**Material to process**
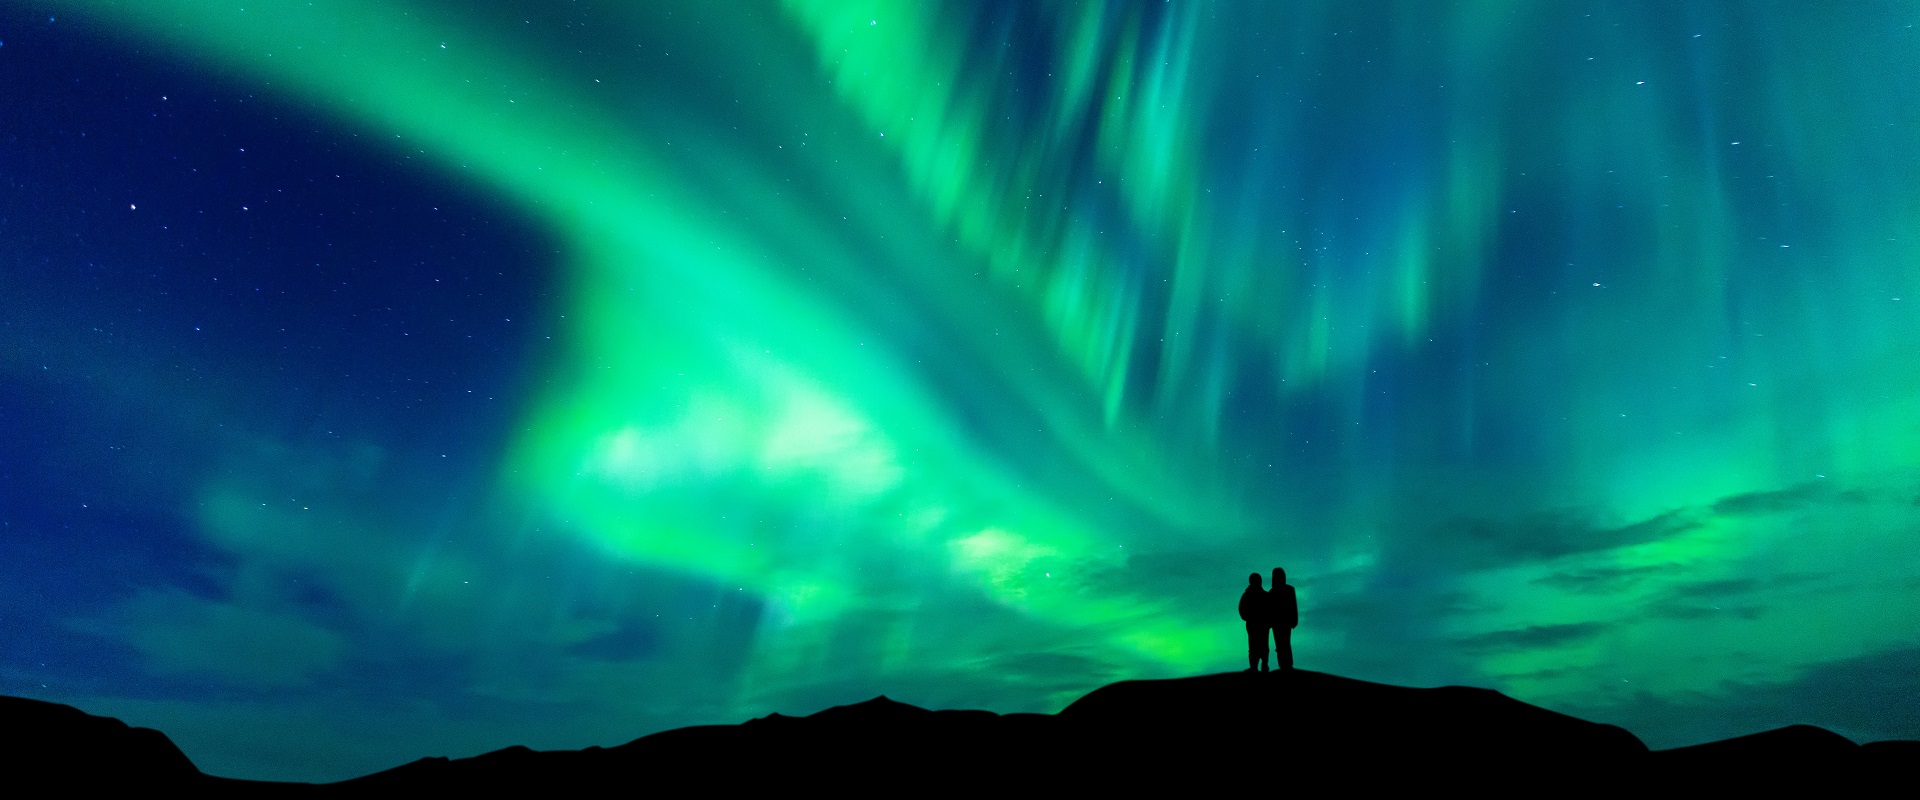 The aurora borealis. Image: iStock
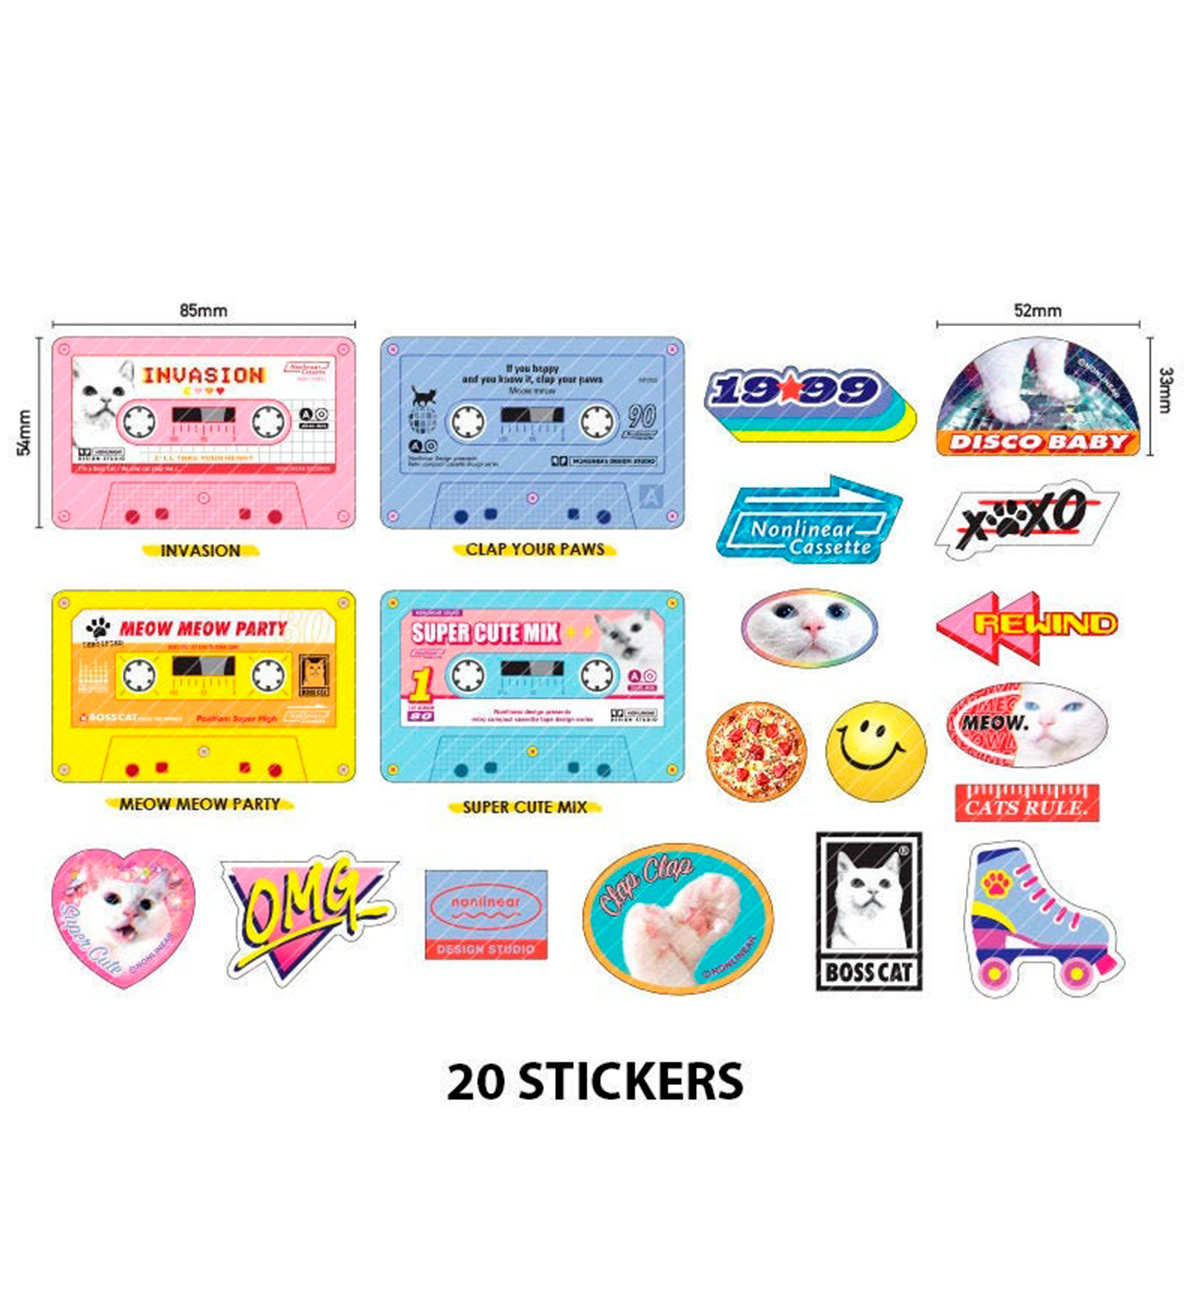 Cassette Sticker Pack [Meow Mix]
--
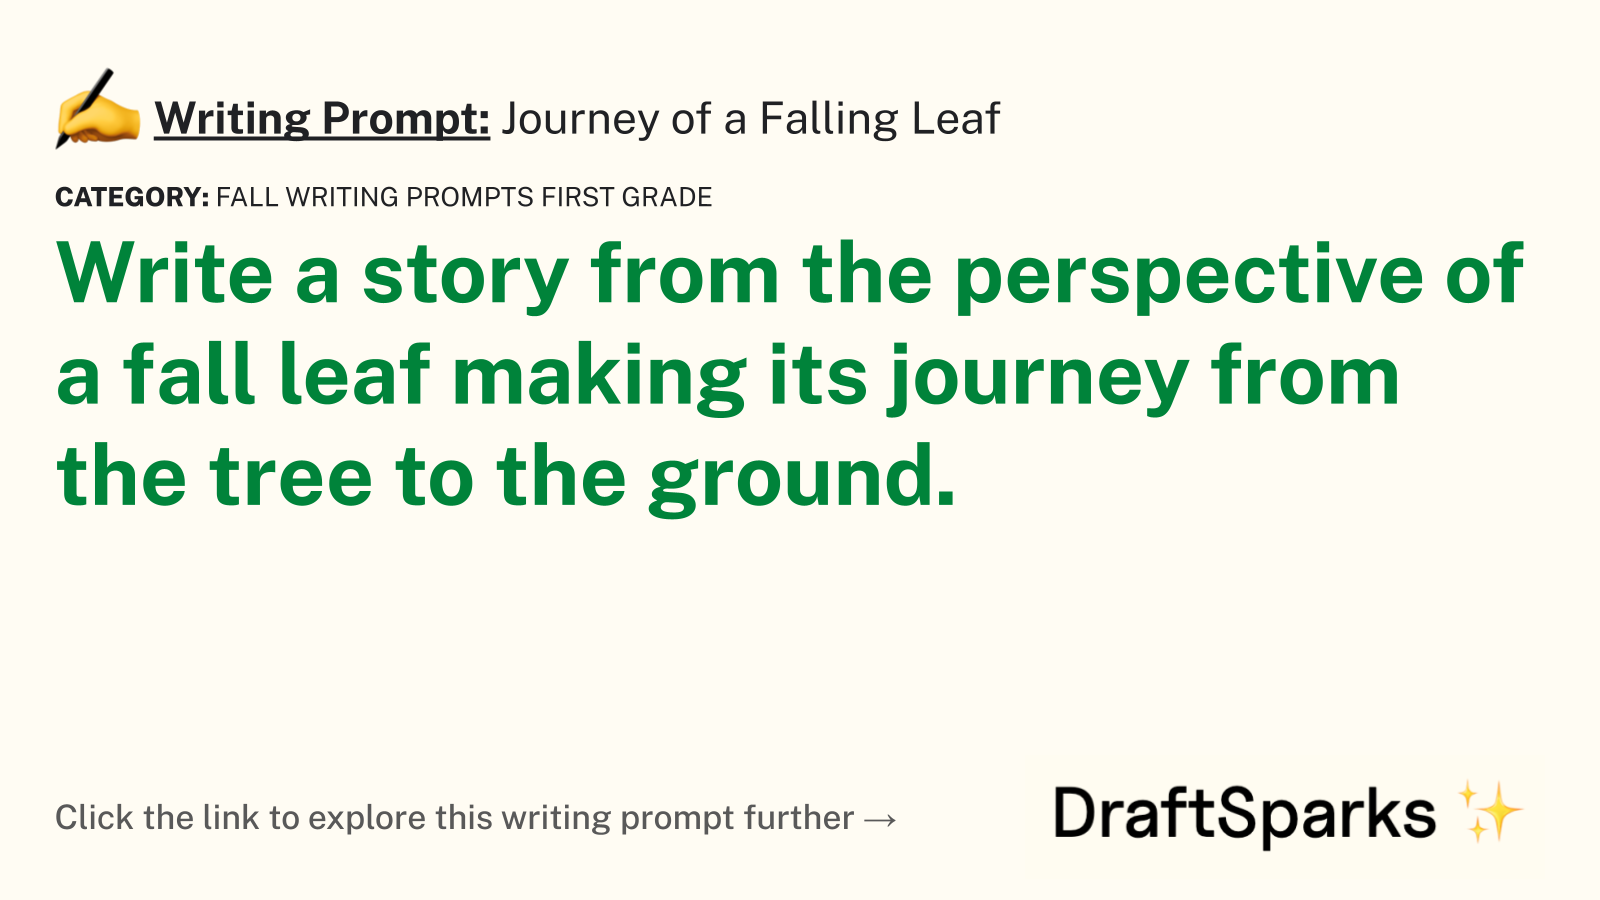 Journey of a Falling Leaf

**What you are asked to do**
Work from the entries above. Set down exactly and only the lines from the line with "The aurora borealis. Image: iStock" to the line with "Cassette Sticker Pack [Meow Mix]", both included, and leave the pictures out.

**Task answer**
 The aurora borealis. Image: iStock
 Cassette Sticker Pack [Meow Mix]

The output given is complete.